Exercise prompt – For this exercise, copy exactly the lines below from the one with "A polynomial plot" through the one with "The room is" and leave out the pictures.

Supplied data –
Start of Block

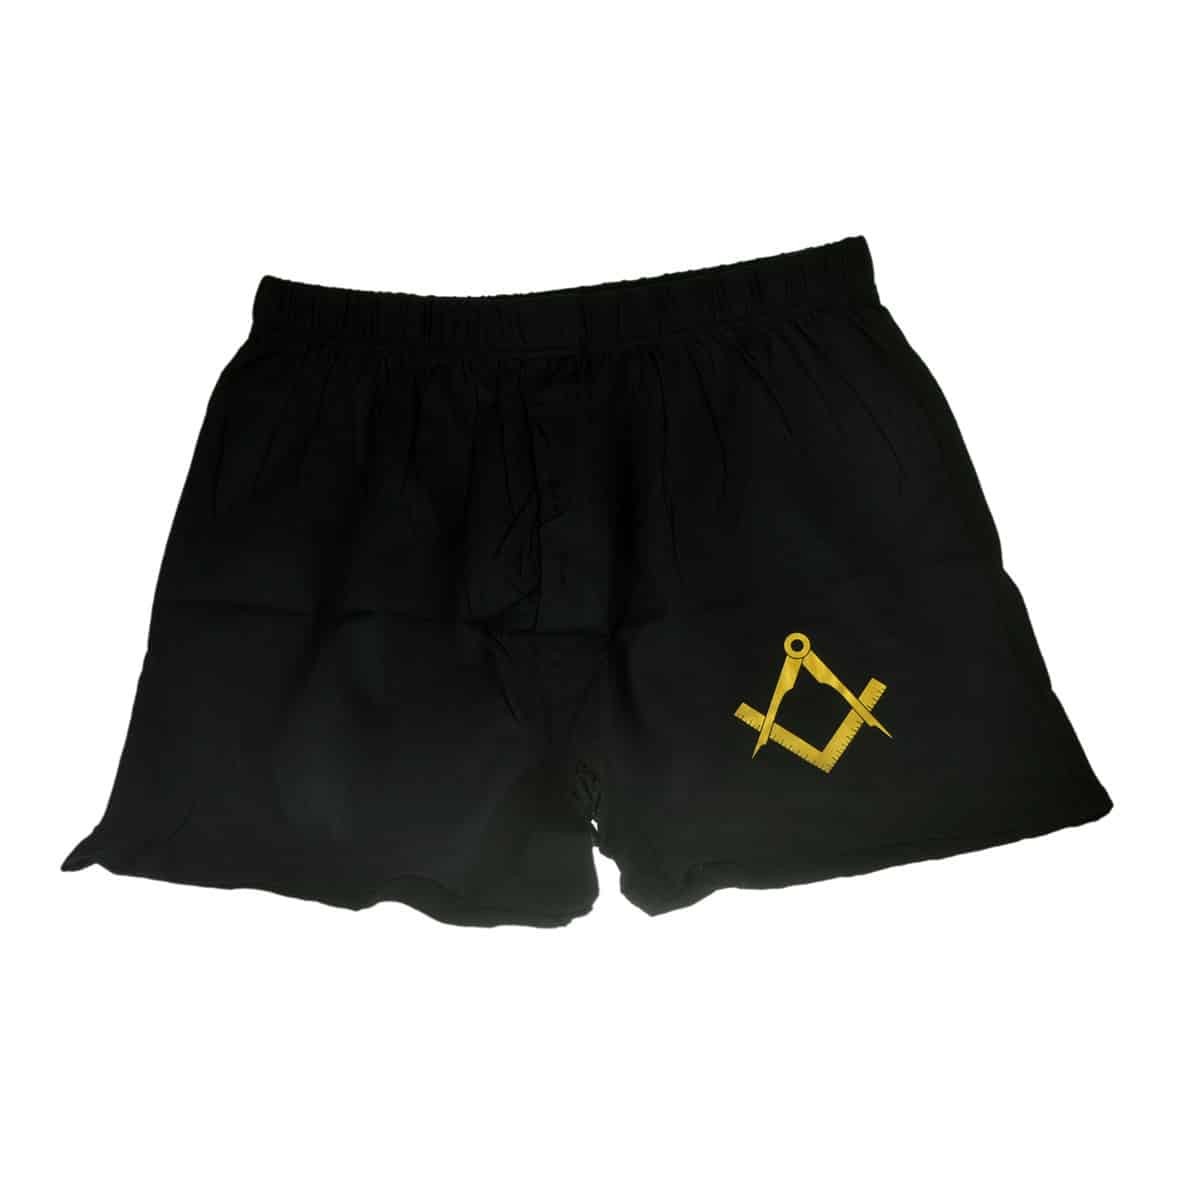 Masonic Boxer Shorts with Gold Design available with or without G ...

End of Block
Start of Block

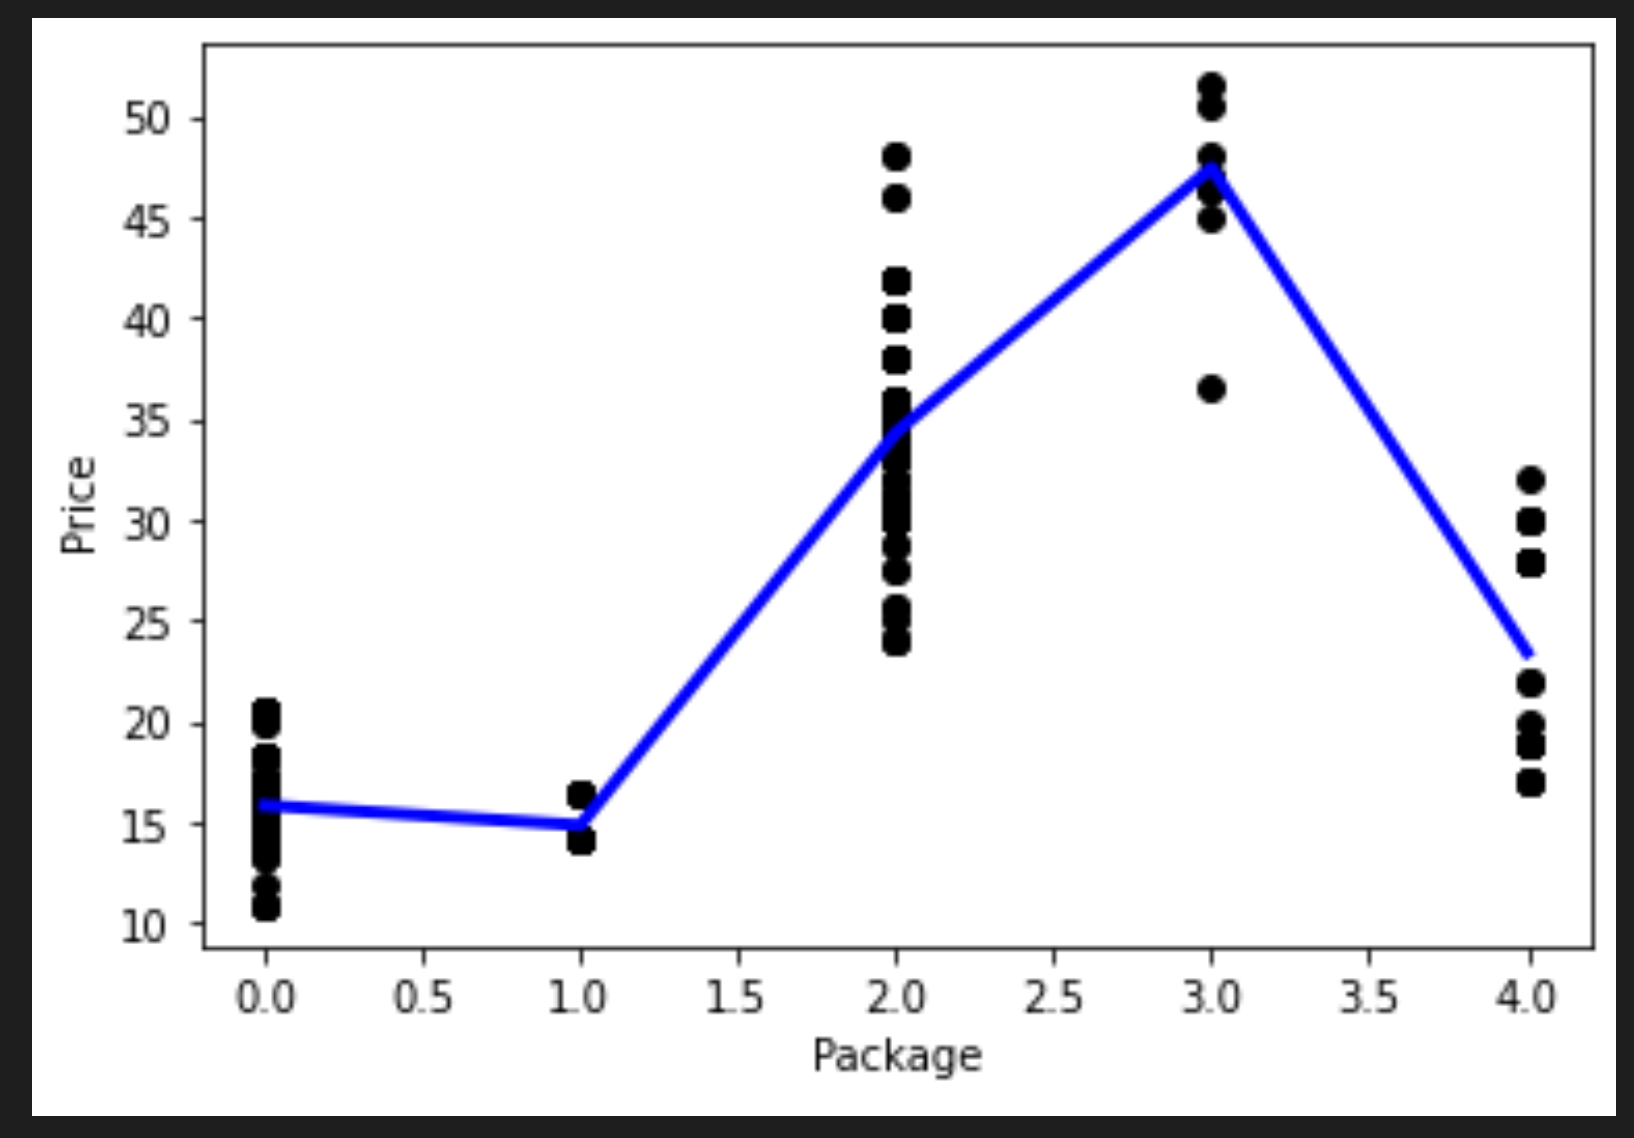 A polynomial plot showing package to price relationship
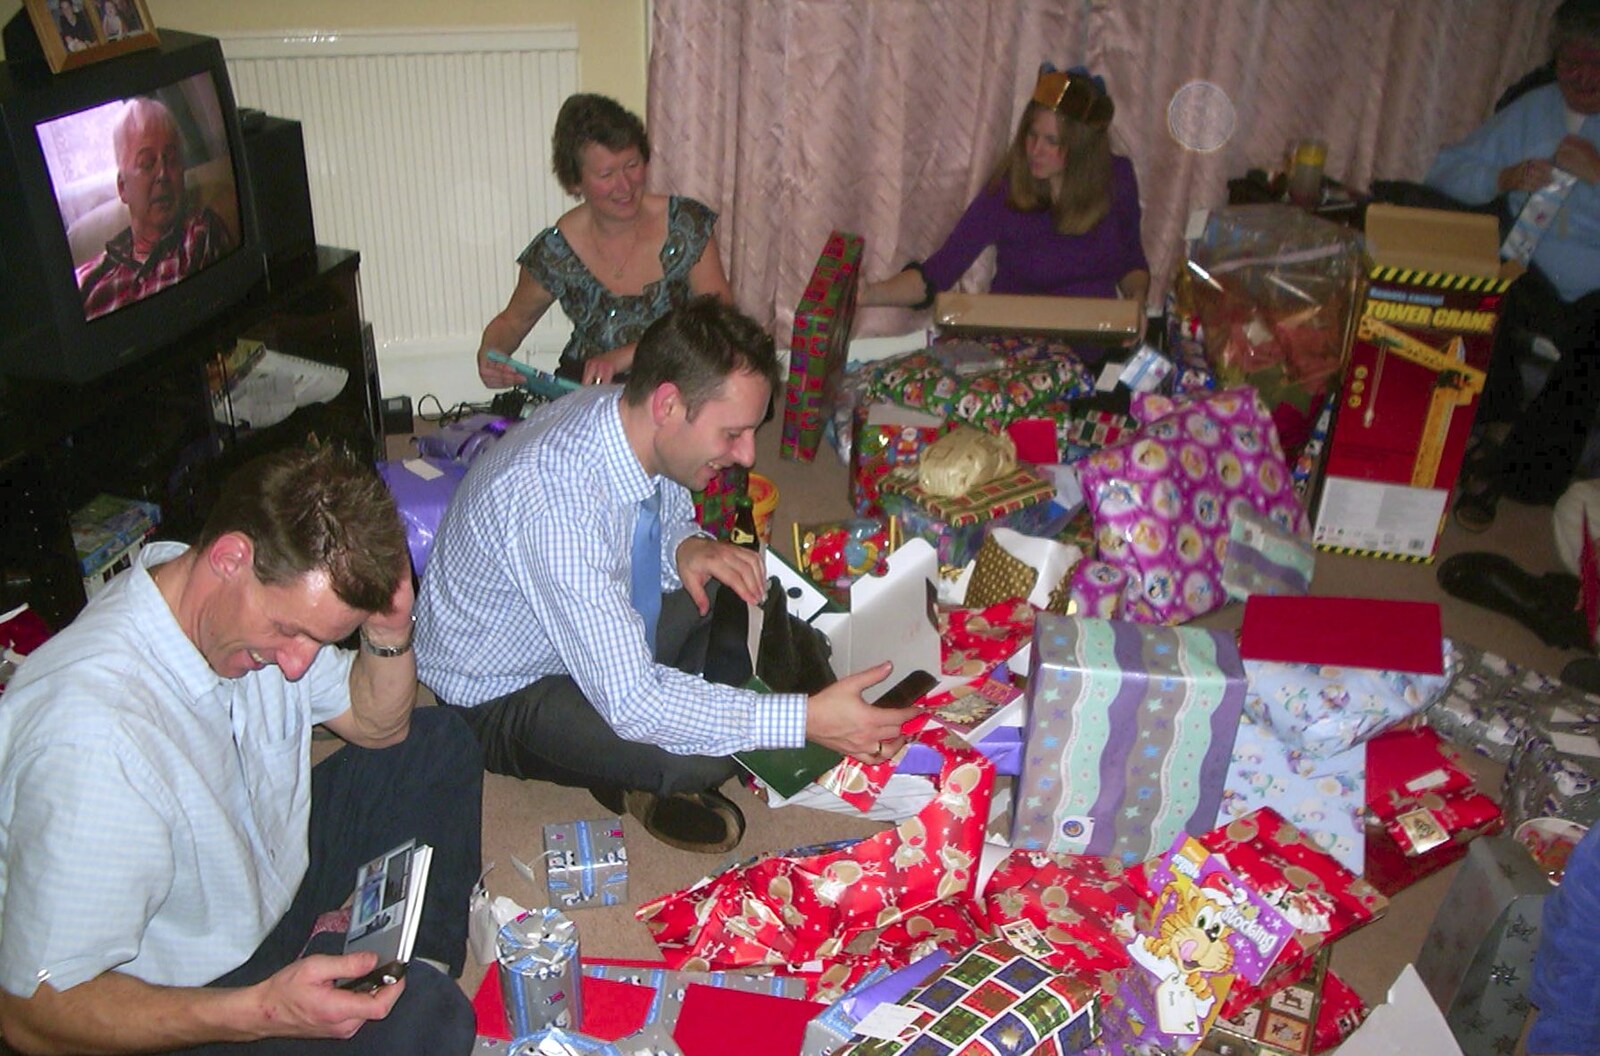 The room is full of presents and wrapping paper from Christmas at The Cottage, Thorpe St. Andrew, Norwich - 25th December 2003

End of Block
Start of Block

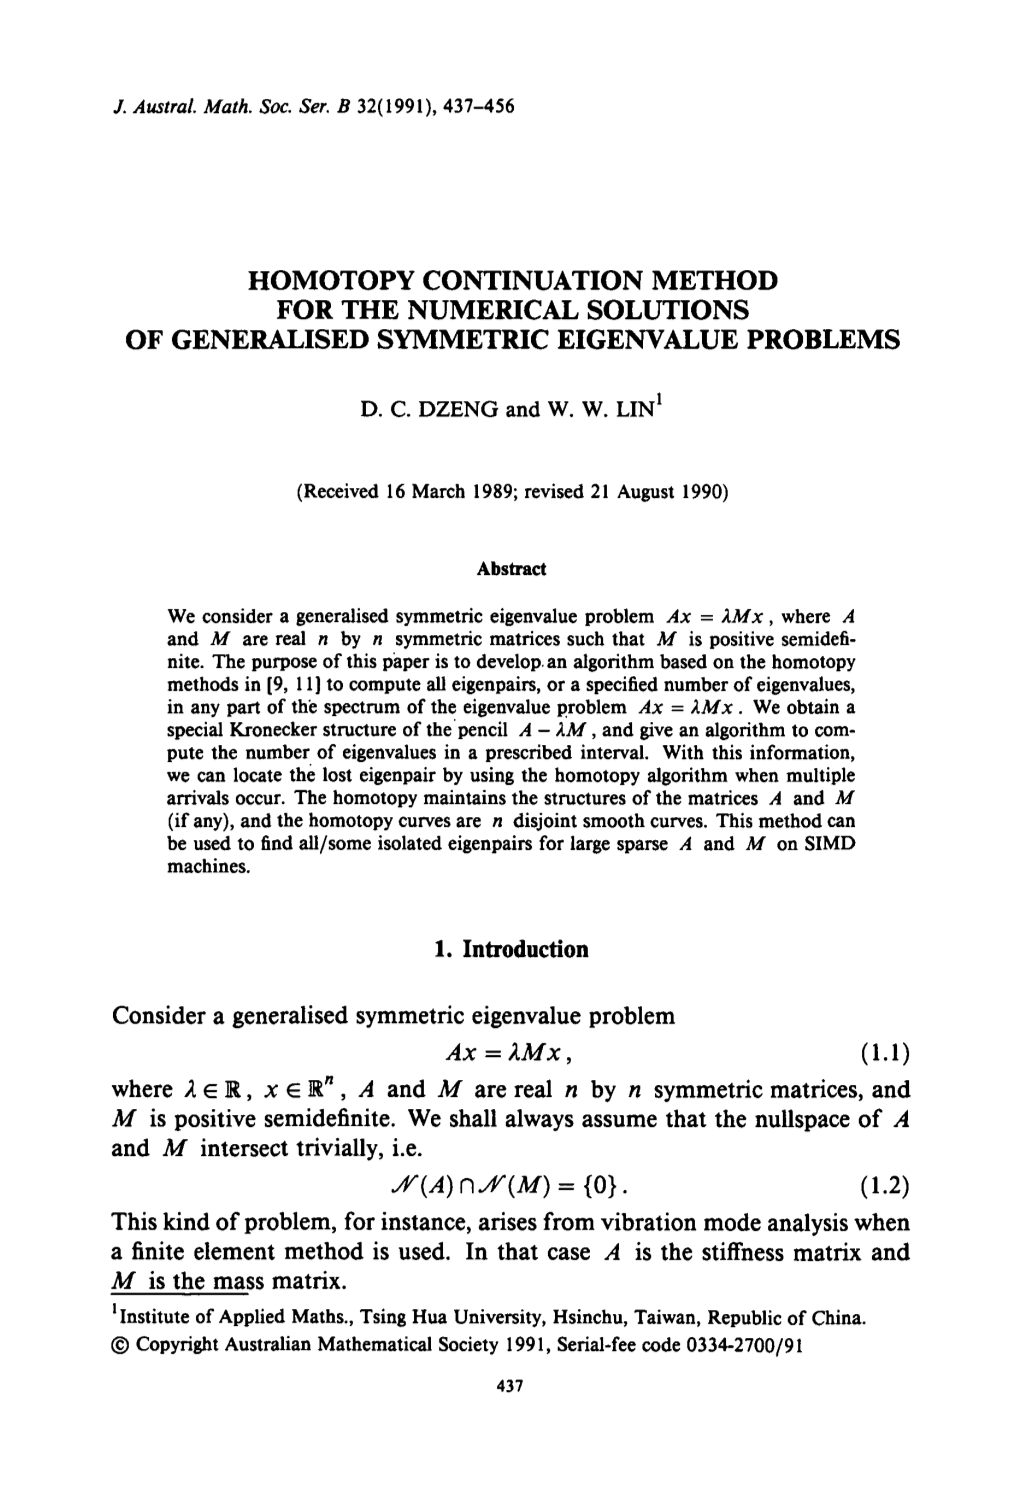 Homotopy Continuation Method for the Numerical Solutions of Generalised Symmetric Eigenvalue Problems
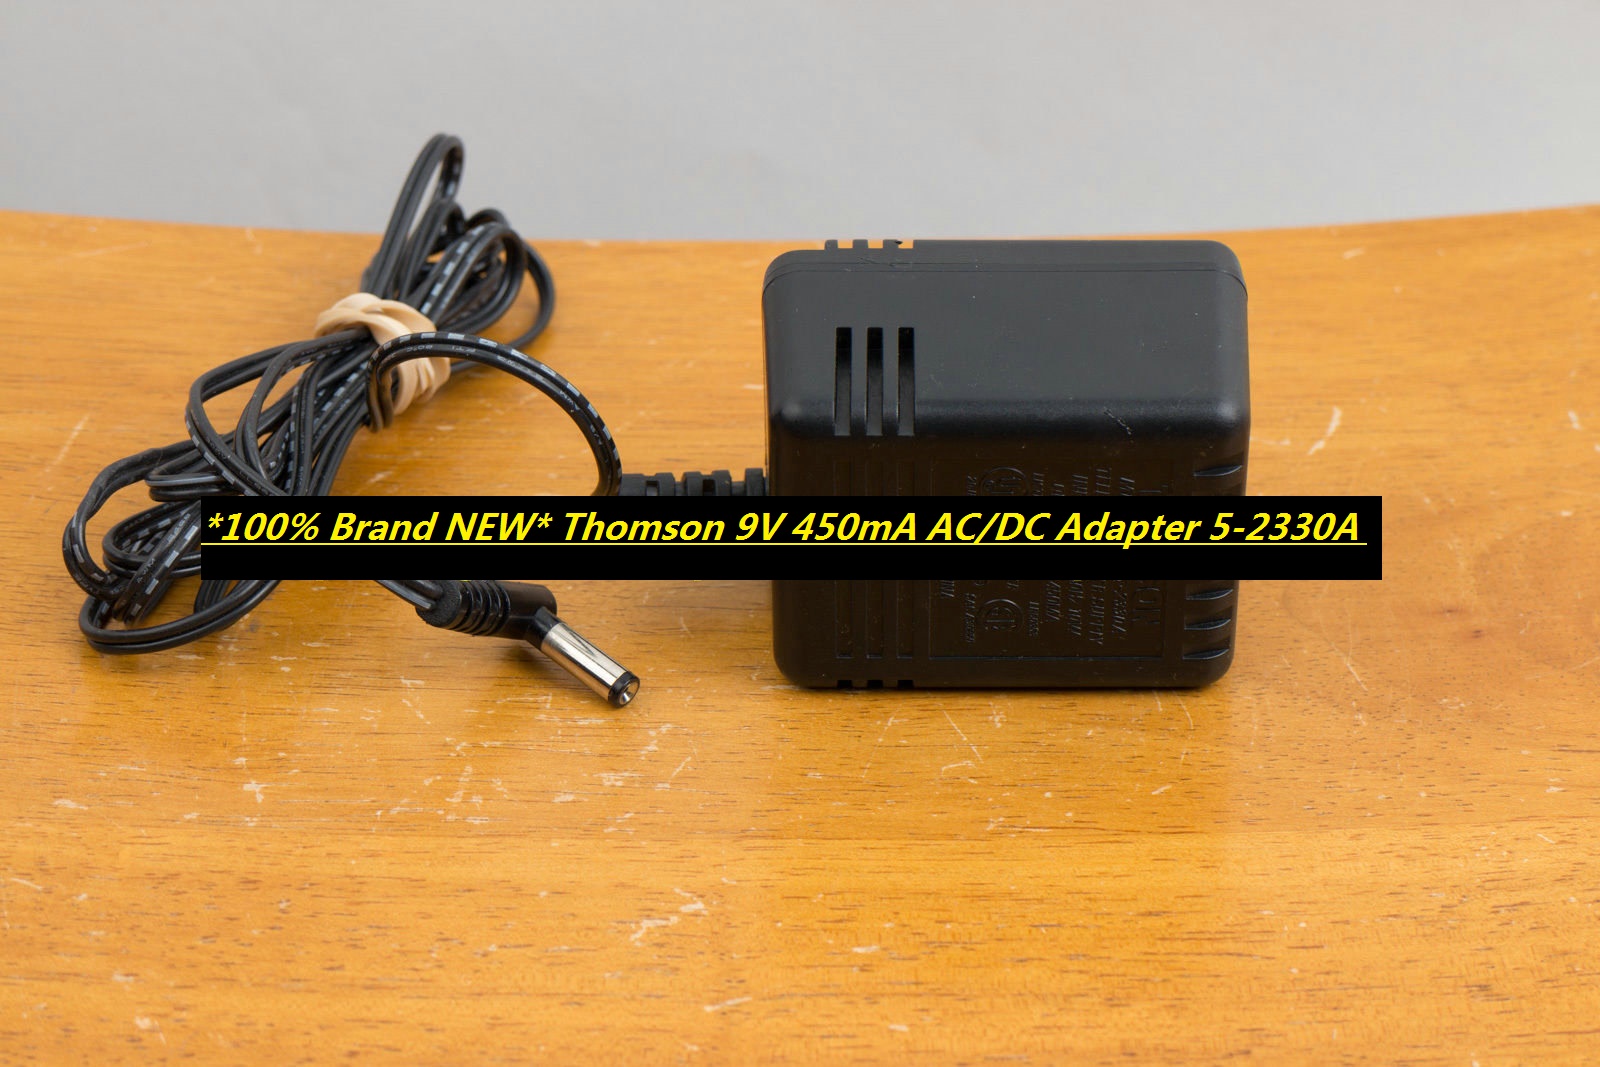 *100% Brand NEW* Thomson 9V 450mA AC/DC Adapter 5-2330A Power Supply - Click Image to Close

End of Block

Exercise result –
 A polynomial plot showing package to price relationship
 The room is full of presents and wrapping paper from Christmas at The Cottage, Thorpe St. Andrew, Norwich - 25th December 2003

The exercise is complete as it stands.